Puis, au fil des jours relatés dans le journal de bord de Carole, la narratrice, je me suis doucement, profondément attachée au récit : un subtil mélange d’âpreté et d’humanité, d’observations minutieuses, de questionnements et d’implication dans le concret de la vie de ceux qui l’entourent.

Les dialogues sont saisissants de vérité, de justesse.
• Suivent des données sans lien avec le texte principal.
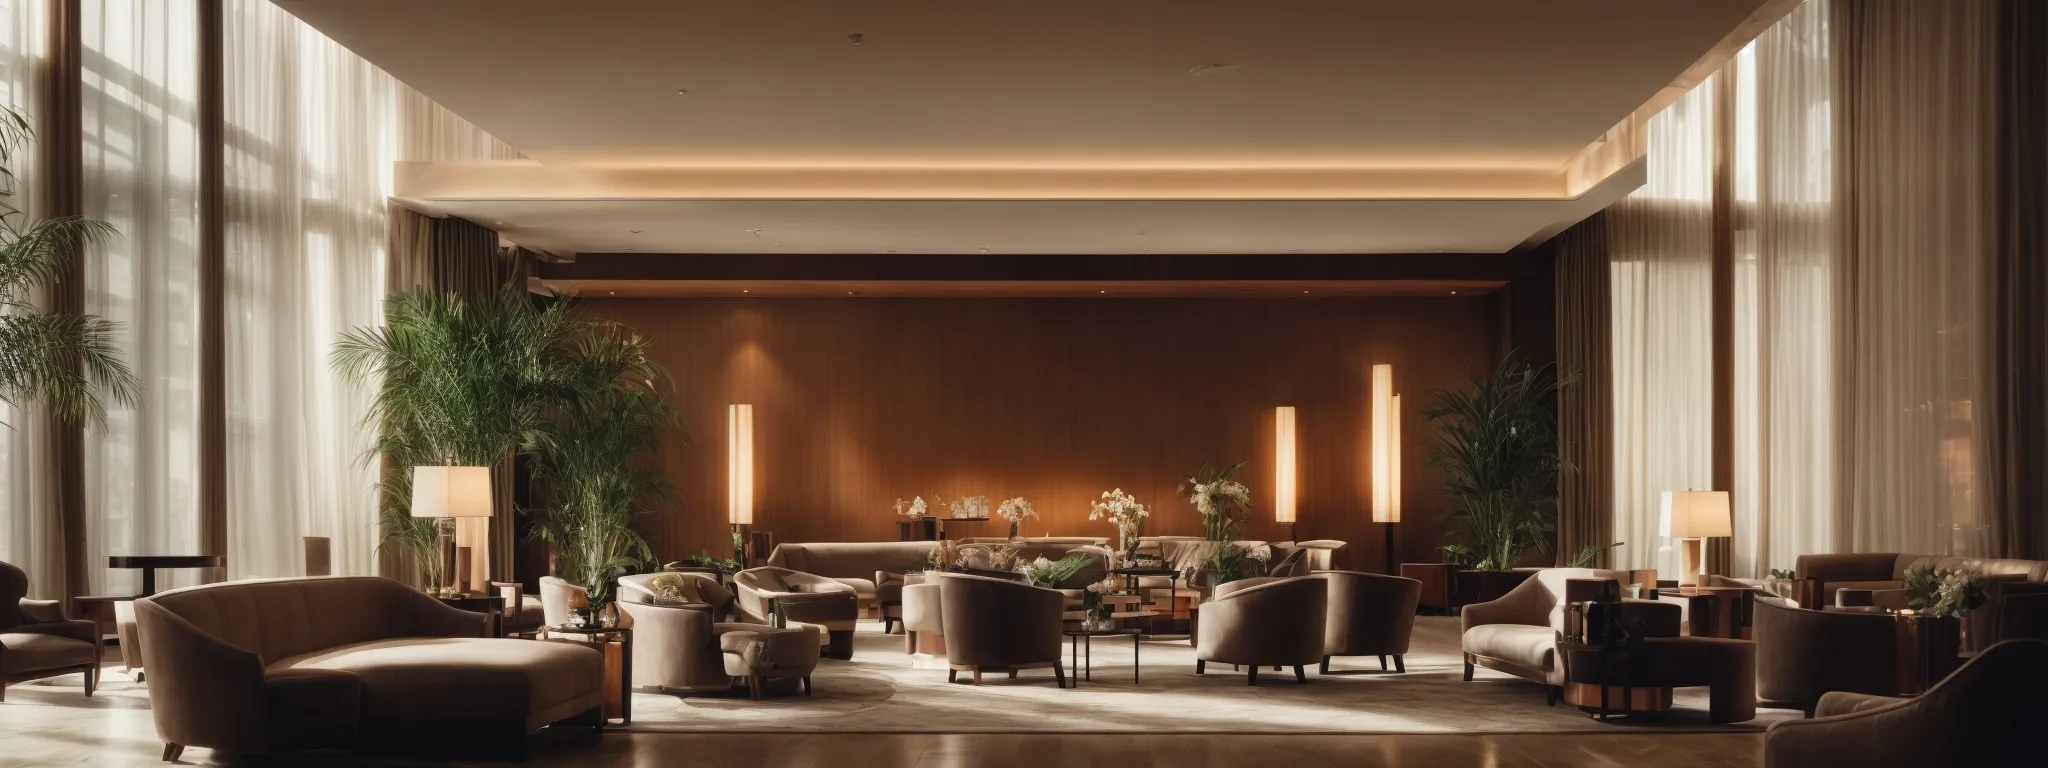 a luxurious hotel lobby bathed in natural light with plush seating and an inviting ambiance.
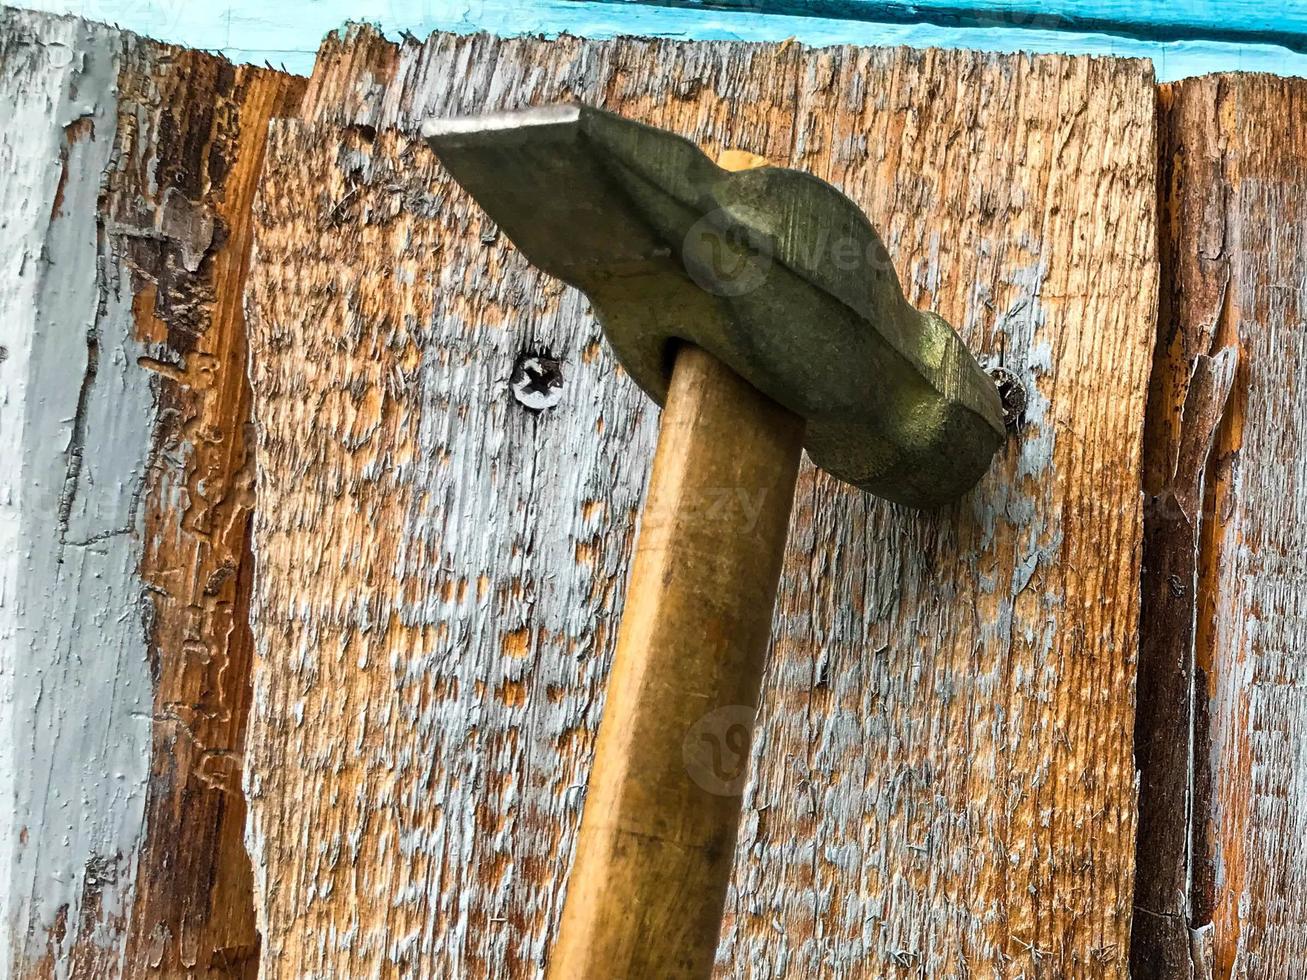 hammer on a wooden handle with a metal end. hammer nails on a wooden surface. metal nails are driven into a blue-painted board. building a house with a hammer and nails photo

Parfois désabusés rarement cyniques, traitant de la vie qui va, du passé avec son drame familial et surtout des rêves que chacun porte en lui, comme une blessure, un lien toujours fragile ou une passion.

Pour ce qui est de l’histoire, elle réussit habilement à imbriquer les tentatives de rapprochement de Carole avec son frère et sa sœur Gaby, restés dans leur  village reculé de montagne, avec le récit des événements liés à l’hiver et à la vie des habitués du “bar à Franky”: “La lanterne”. Ces habitués et quelques autres villageois, une quinzaine de personnes environ, on éprouve un réel plaisir à les découvrir et les côtoyer dans leurs engagements, leur sagesse ou leur folie, leur pauvreté matérielle ou leur carapace un rien bourrue quand elle n’est pas carrément sauvage.

Bien sûr, certains voudraient poursuivre la vie à l’ancienne, dans une nature qui resterait belle, à l’écart, tandis que d’autres rêvent de modernité avec des pistes skiables et des touristes à gogo.

Mais le vrai problème reste de savoir si chacun veut bien établir de la complicité, voire de la fraternité, malgré les différences, de milieux, de cultures, de générations, de sensibilités …

Au final, si on a un peu lambiné au début, on dévore la suite de ce roman intimiste où les non-dits remontent à la surface provoquant d’intéressants rebondissements, où les liens s’approfondissent dans une certaine légèreté d’être et où les anecdotes parlent parfois si bien qu’elles deviennent de jolis cristaux qui se posent dans nos mémoires comme “une part de ciel”.


Claudie Gallay, une enseignante en congé à cause de la fièvre de l’écriture. Quel bonheur ! Je lui souhaite d’y trouver toujours sa part de ciel, à elle !

Quelques extraits :
“Le jour de mourir, j’irai dans la forêt, je poserai mon cul sur une pierre et j’attendrai.
- Les loups vont te bouffer.
Gaby s’est calée contre l’évier, les bras croisés sur le ventre.
- Et alors ? C’est très beau les loups … Je verrai la vie comme eux.
- Quand ils vont te crever, tu ne verras plus rien a dit la Môme.
Gaby a souri.
- Les rapaces me mangeront, je volerai là où personne ne va.
La Môme s’est redressée sur un coude.
- Les rapaces se font cogner par les bagnoles et ils pourrissent dans les fossés.
- Alors je vais pourrir a continué Gaby, je deviendrai un arbre.
- Tu as vu ce que les bûcherons font aux arbres ?
- Ils en font des bateaux.
- Non, ils les coupent et ils les brûlent. […]
- Alors je deviendrai de la chaleur, je rejoindrai les nuages et, du ciel, je verrai encore tes beaux yeux.” (p.174)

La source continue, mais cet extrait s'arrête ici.